In this study, we introduce PanDerm, a versatile dermatology foundation model trained through self-supervised learning on over two million multimodal dermatological images. Central to PanDerm’s development was the curation of a large and diverse image dataset sourced primarily from in-house collections and carefully selected public repositories. This approach contrasts with previous efforts, such as SwAVDerm³⁵, which relied on web-sourced skin data, inadvertently incorporating images from commonly used benchmarks such as ISIC⁵⁵ and DermNet⁴⁴, increasing the risk of data leakage and compromising evaluation validity. Our strategy minimizes this risk, ensuring that benchmark evaluations accurately reflect real-world model performance.

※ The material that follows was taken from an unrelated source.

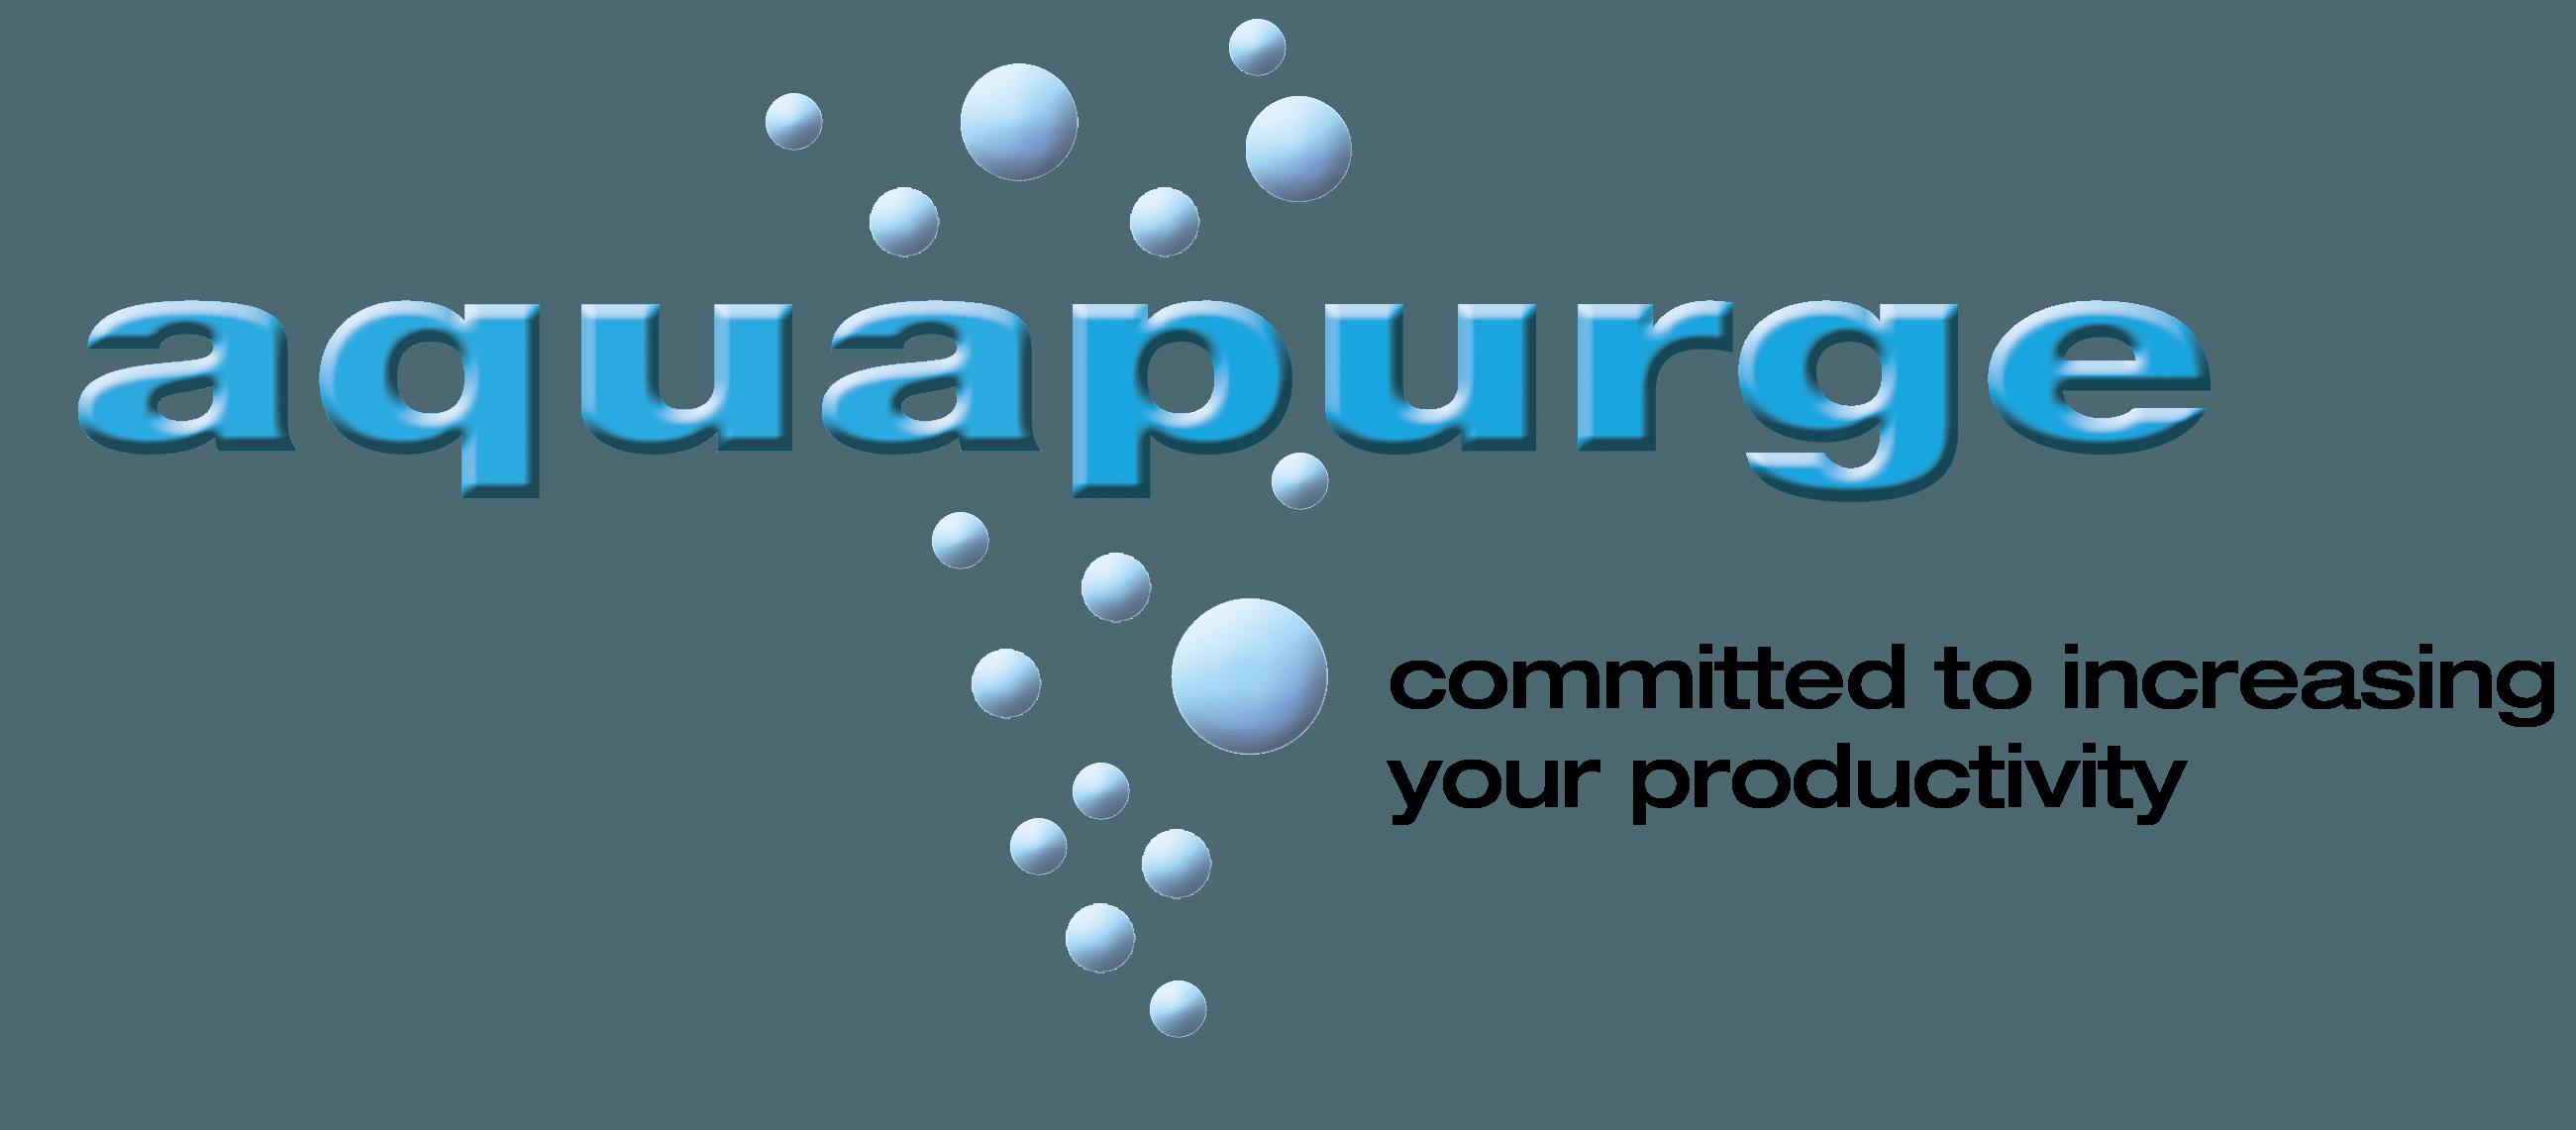 Aquapurge

To evaluate PanDerm’s clinical utility, we conducted validations across 28 benchmark datasets, spanning comprehensive skin cancer assessment and a diverse set of primary care dermatological conditions. For skin cancer-related assessment, PanDerm outperformed existing models in specialized tasks across various modalities, including risk stratification of lesions, phenotype assessment, detection of lesion changes and malignancy, multi-class cancer diagnosis, lesion segmentation, and metastasis prediction and prognosis. In particular, PanDerm achieved the most results using only 10% of the task-specific training data typically required by existing models, helping alleviate the scarcity of specialist-labeled data in medical AI. In primary care dermatology settings, PanDerm also outperformed comparative models in diagnosing a diverse set of conditions such as inflammatory diseases, infectious conditions and frequently encountered dermatoses. These capabilities stem from its rich knowledge representation, developed through pretraining on varied dermatological image modalities and conditions, leading to consistent and significant performance improvements across tasks and modalities.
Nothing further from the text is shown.